My research interests in Machine Learning lie at the intersection of the following (highly related) topics:
How to scale learning algorithms for large-scale, big data?
I have been working mainly on speeding up training of Support Vector Machines for different kinds of data, proposing new algorithms based on stochastic gradient descent, online and active learning. One of our methods won the “Wild track” of the 1stPASCAL Large Scale Challenge in 2008.
Related papers: JMLR05, ICML07, ECML08, JMLR09 & AISTATS10.
How to learn properly with imperfect, partial, noisy or ambiguous supervision?
My main research have considered working with unsupervised and transfer learning with deep architectures but also ambiguous supervision for semantic parsing. I am also studying indirect supervision problems (no labeling is available but some related information exists).
Related papers: ICML09, AISTATS11, AISTATS12 & ICML11.
How automatically discover the semantics among data to better represent, search or visualize it?
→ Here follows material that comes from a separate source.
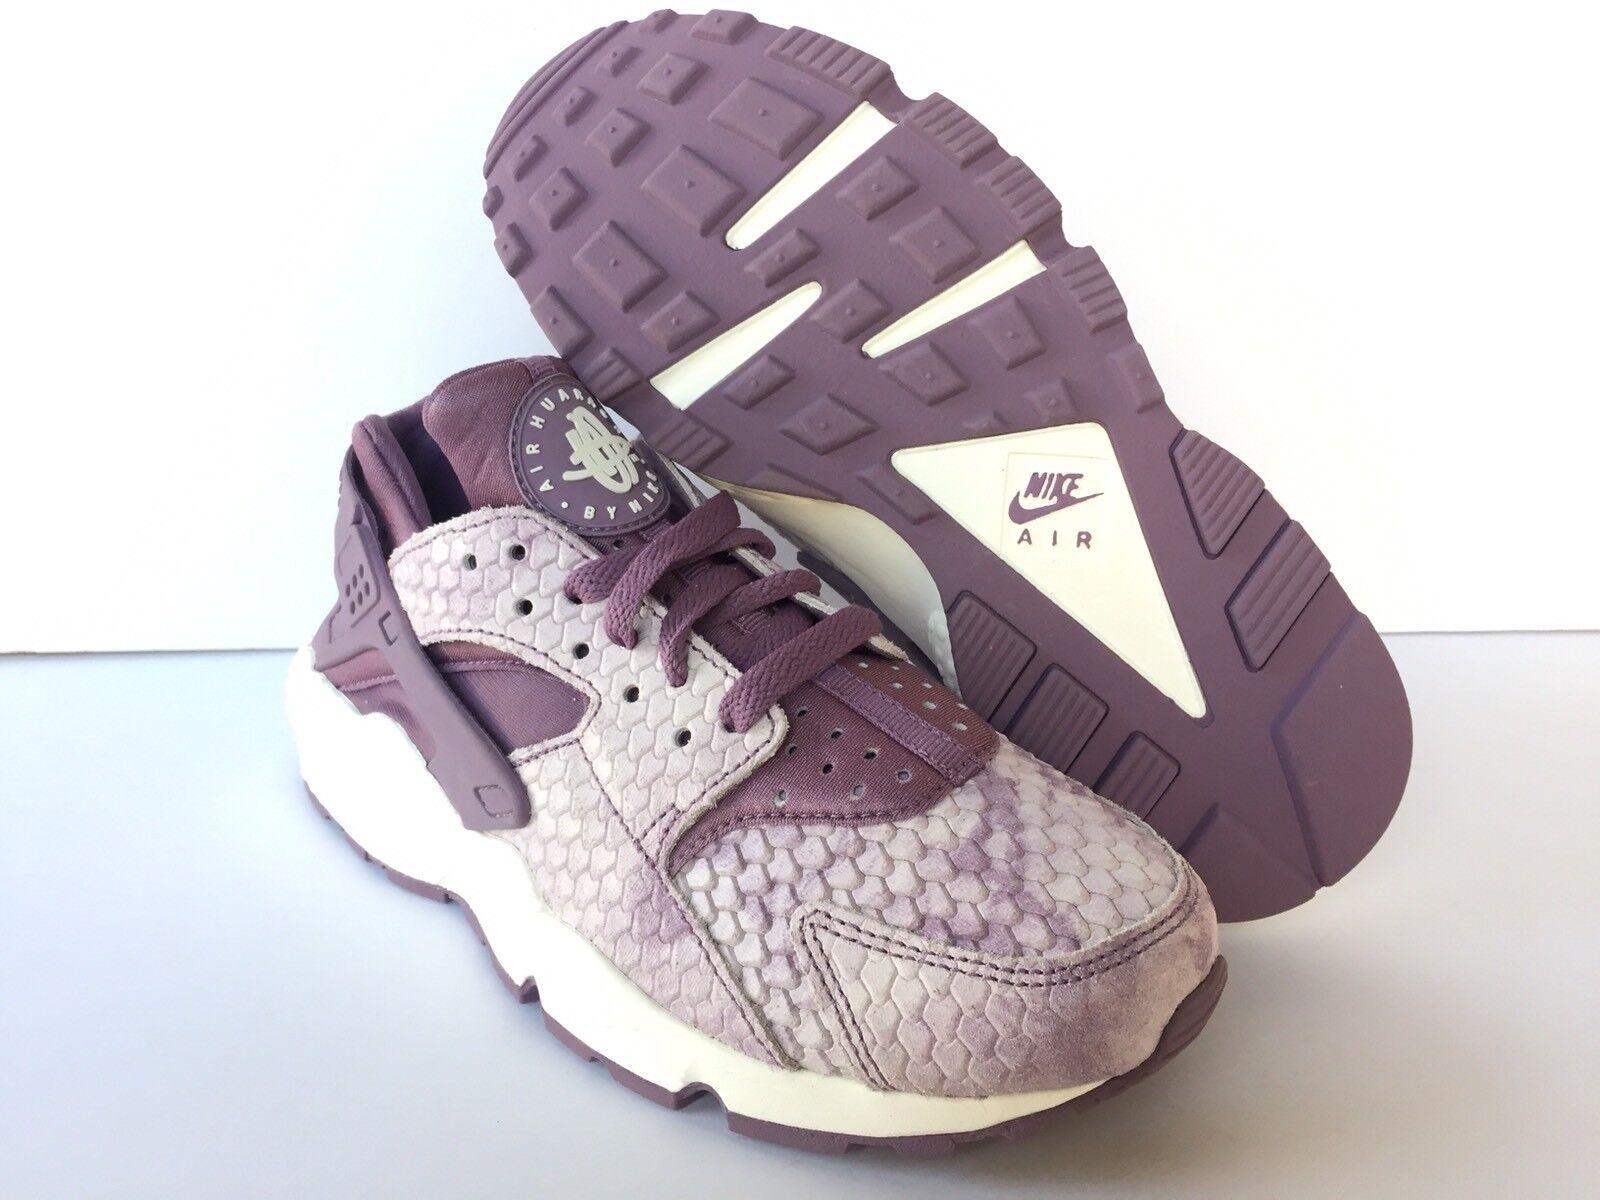 Nike air huarache campione noi wmns sz 7 [683818-500. violet polvere

My work mostly considers natural language (text) and knowledge bases. I am exploring ways to represent both properly in order to connect them (for summarization, information extraction, semantic parsing, etc.), with statistical relational learning approaches. This research direction heavily relies on the two previous ones because learning semantics of data can only be made possible with large sources of imprecisely labeled data. We organized the 1st workshop on Learning Semantics at NIPS 2011 and we are also editing a related special issue in Machine Learning.
Related papers: AISTATS10, AAAI11, AISTATS12 & NIPS12.
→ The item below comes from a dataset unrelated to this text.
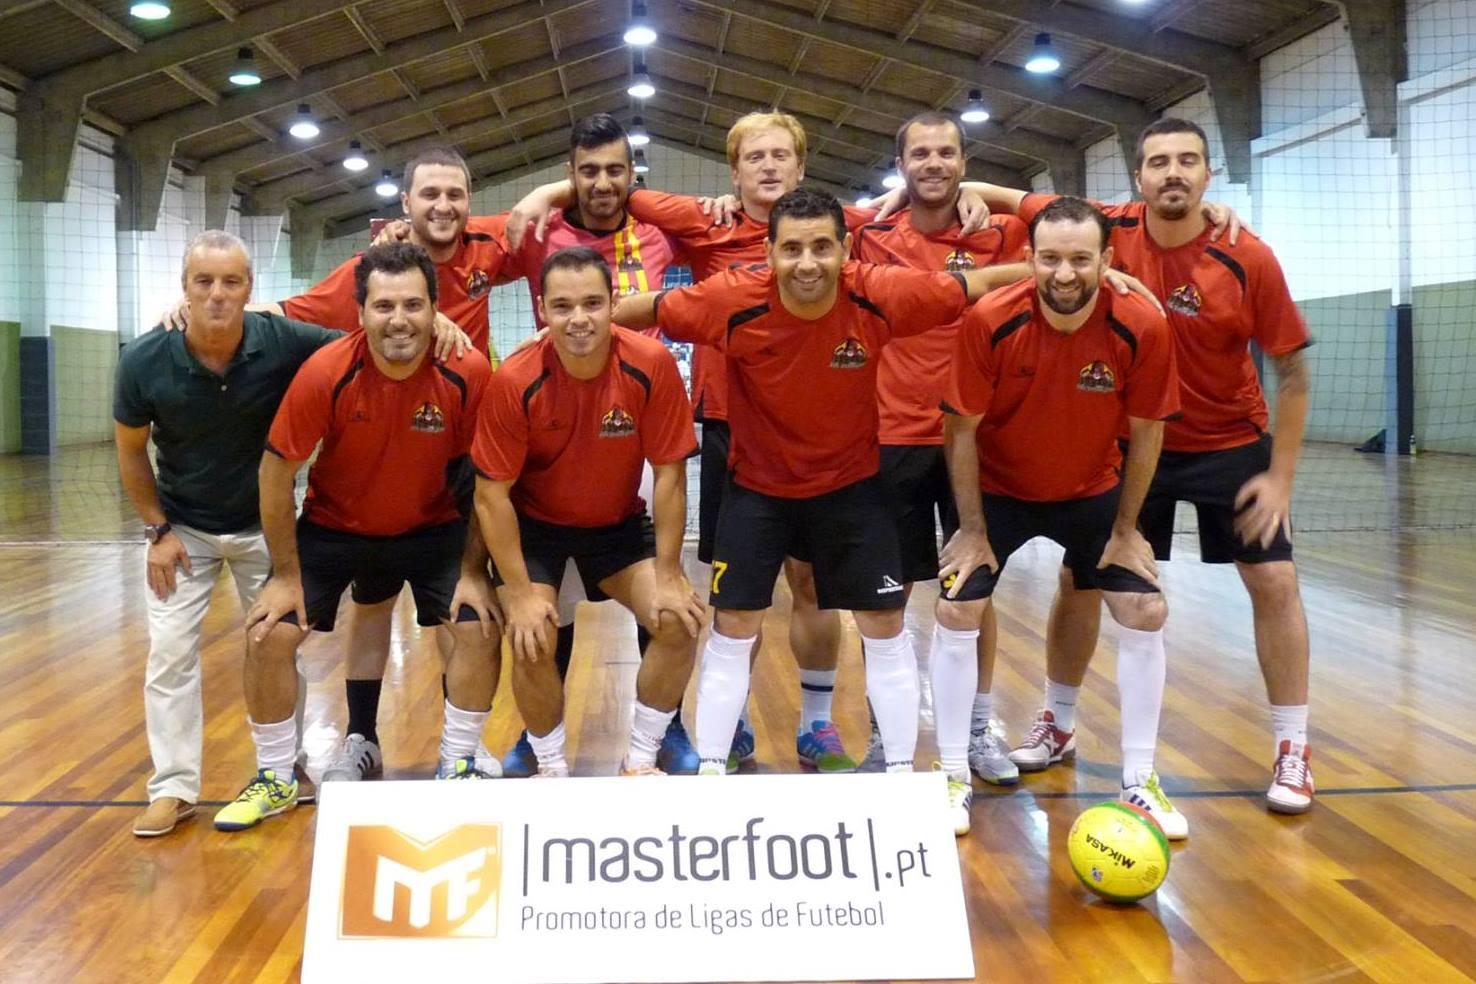 CAMPEÃO da 5ª Super Liga Masterfoot

EVEREST (2013 - 2016): PI. ANR grant - Young researcher program.
Learning High-level Representations of Large-scale Sparse Tensors.
PRETIV (2012 - 2014): member. ANR grant - International program (with NFSC-China).
Multimodal Perception and Reasoning for Transnational Intelligent Vehicles.
Deep Learning (2010 - 2012): member. DARPA grant, via Université de Montréal (Y. Bengio's lab).
Multimodal training and conception of Deep Learning methods.
Alberto Garcia-Duran (PhD student - 2013-2016): New models for modeling highly multi-relational data.
Xiao Liu (PhD student - 2011-2014): Weakly supervised learning for biomedical information extraction.